Schinas' comments follows similar recent statements by French president Emmanuel Macron and German chancellor Angela Merkel.

Both leaders earlier this month in a joint press conference evoked the idea of a European Union better prepared to tackle major health issues like the pandemic.

That political signal appears to have also emboldened the European Commission in its greater aspirations for more power over health.

The European Commission's competences on health are currently restricted. The treaty says it can only "complement national policies" and "encourage cooperation".

However, the Covid-19 pandemic showed member states were unprepared. Some shut down borders, all scrambled for medical supplies, and others even hoarded equipment meant for other EU states.

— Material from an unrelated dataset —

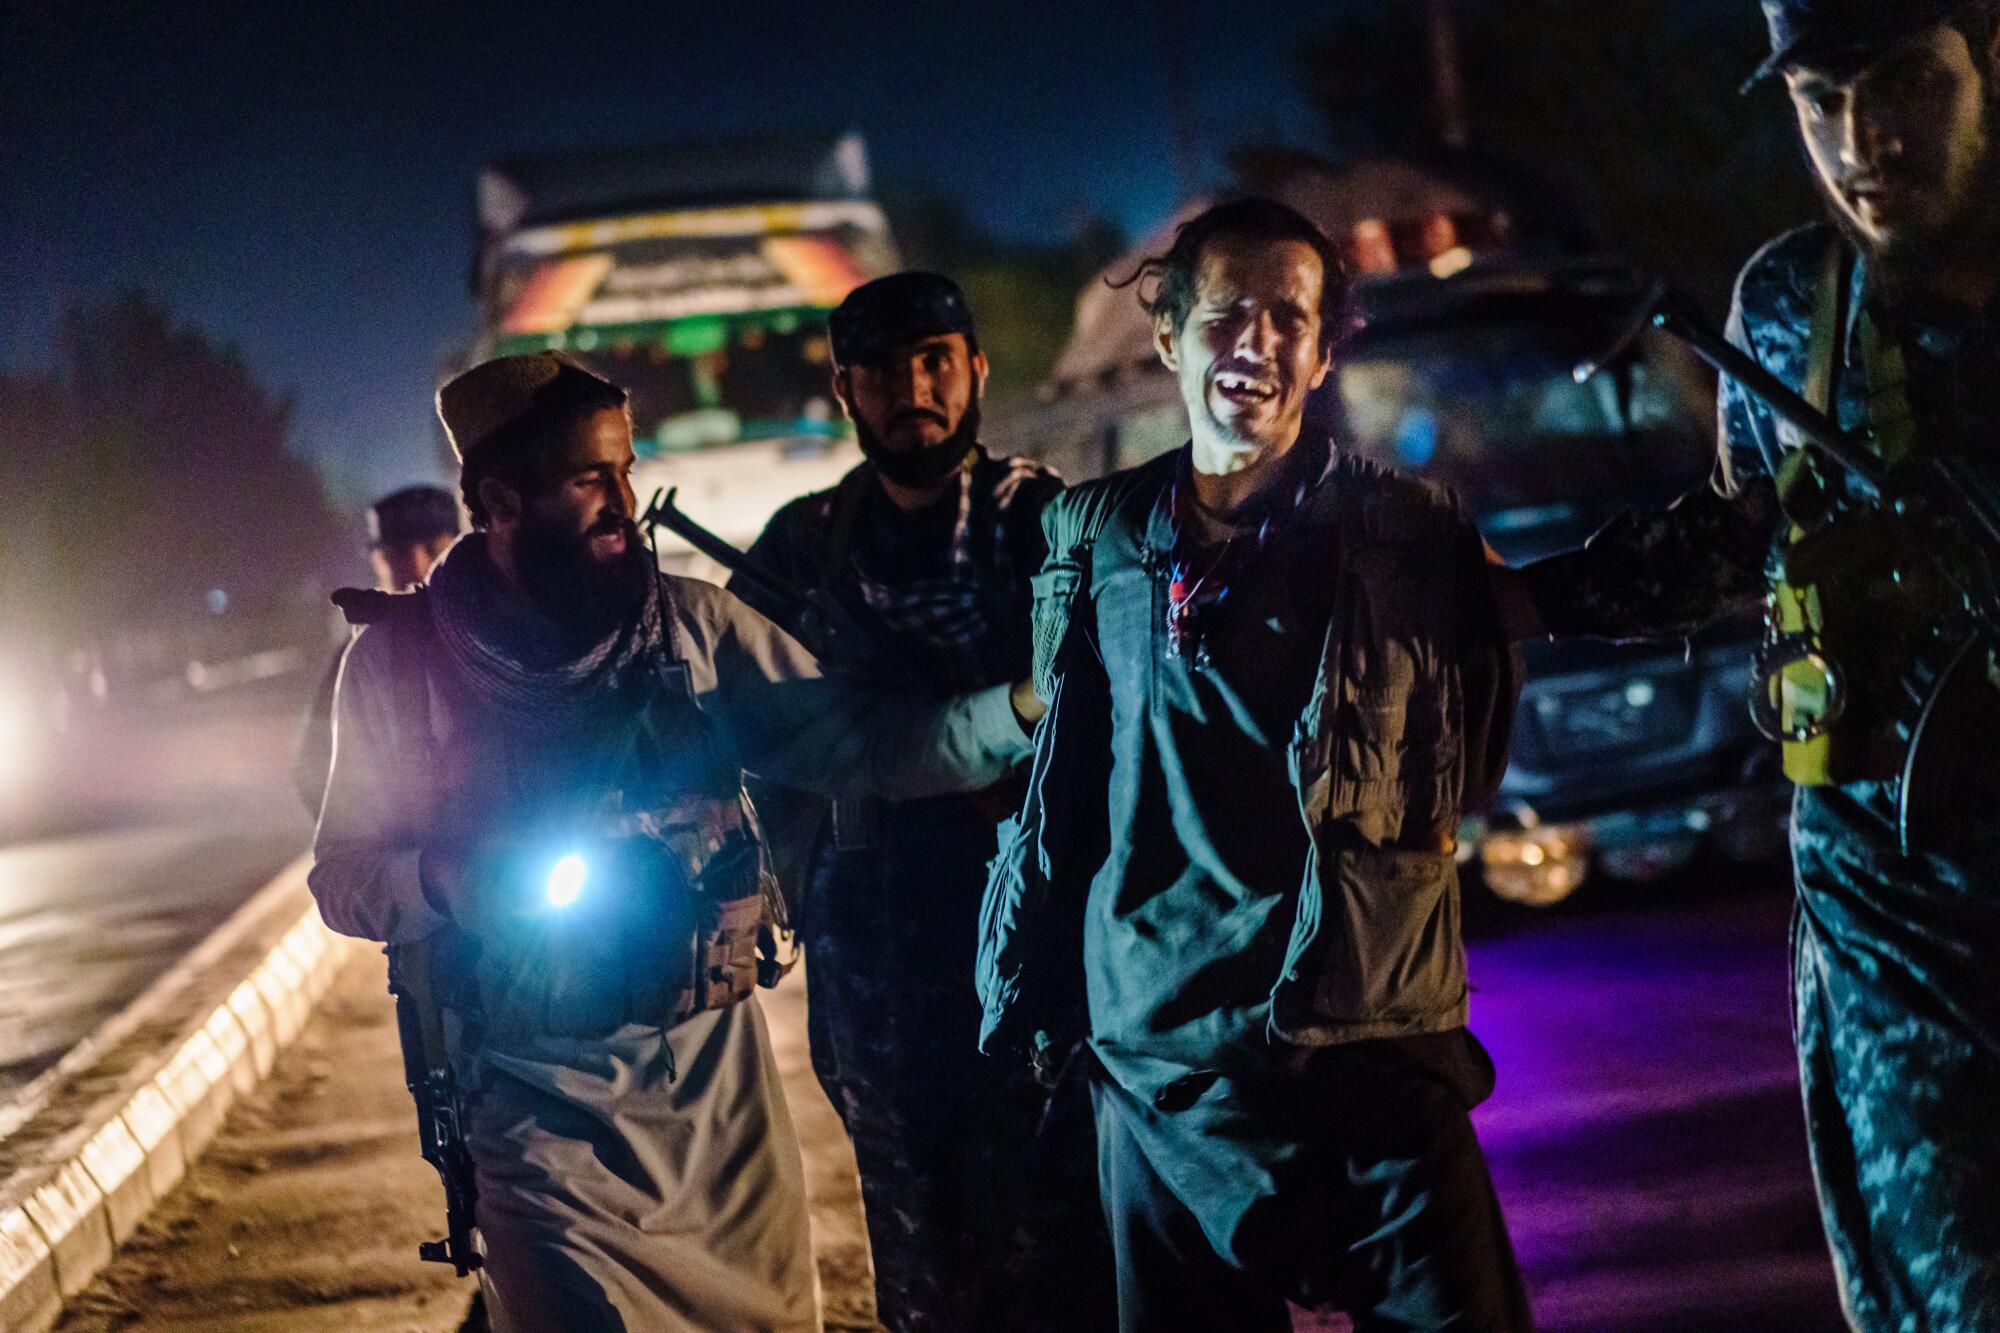 Taliban members take a man into custody.

The lack of solidarity alarmed critics, among them the former European Commission president Jaques Delors. In March, he described it as a mortal danger for the European Union.

EU4Health - a first step

The European Commission has since proposed to shore up a new €750bn recovery package in the hopes of kick starting battered economies.

Part of that plan now includes a new stand alone €9.4bn programme dedicated to health. The figure is 23 times higher than current EU budget lines dedicated to health.

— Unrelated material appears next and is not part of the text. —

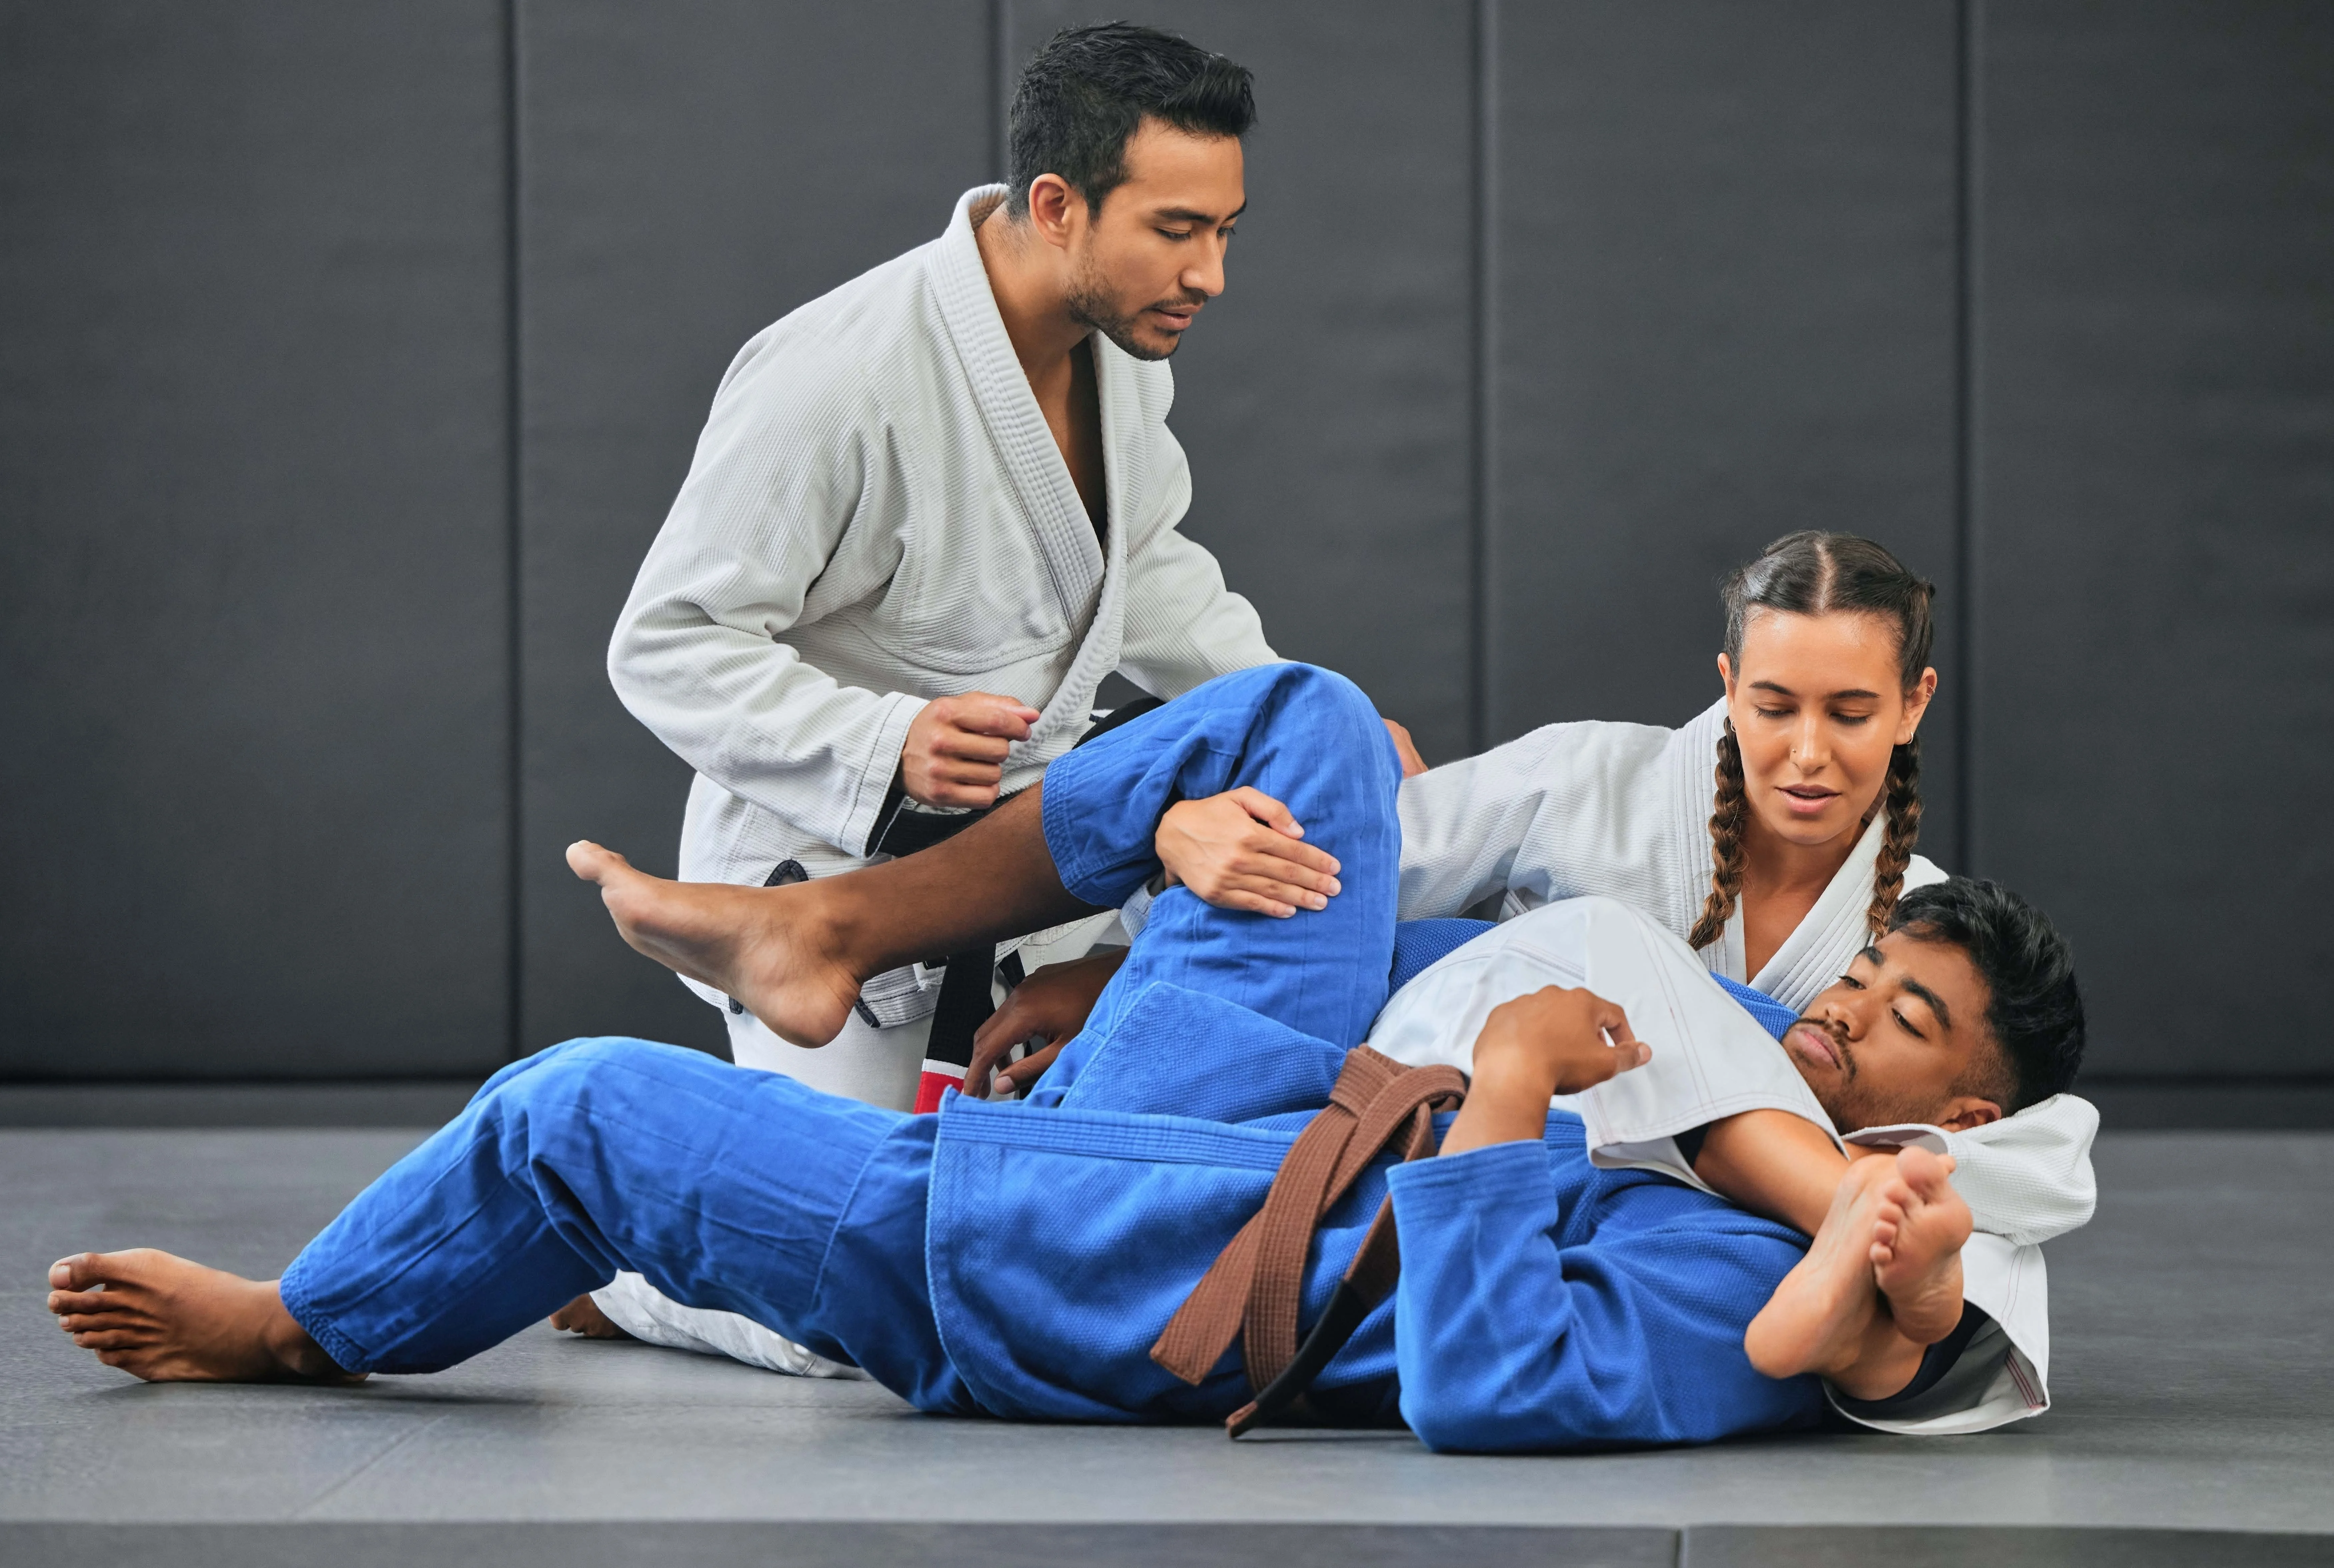 Beginners Guide to Brazilian Jiu Jitsu

Dubbed the EU4Health programme, the proposal also presented on Thursday, is being described by the Commission as "a game changer, a real paradigm shift" on how the EU deals with health.

"This crisis made it clear that our collective response capacity needs to be brought and raised to a different level," said Stella Kyriakides, the European Commissioner for health and food safety.

EU4Health would run until 2027 and aims to create long term stockpiles and reserves for medical equipment.

It also wants to create a pool of "flying" doctors that can be sent to areas of need.

The European Medicines Agency and the European Centre for Disease Control (ECDC) also benefit. Both agencies would have more powers when it comes to vaccines and surveillance.

"In terms of the ECDC we need to look how we can improve preparedness plans and surveillance," said Kyriakides.

The Stockholm-based ECDC was criticised for initially painting a rosy picture of the risks linked to the pandemic.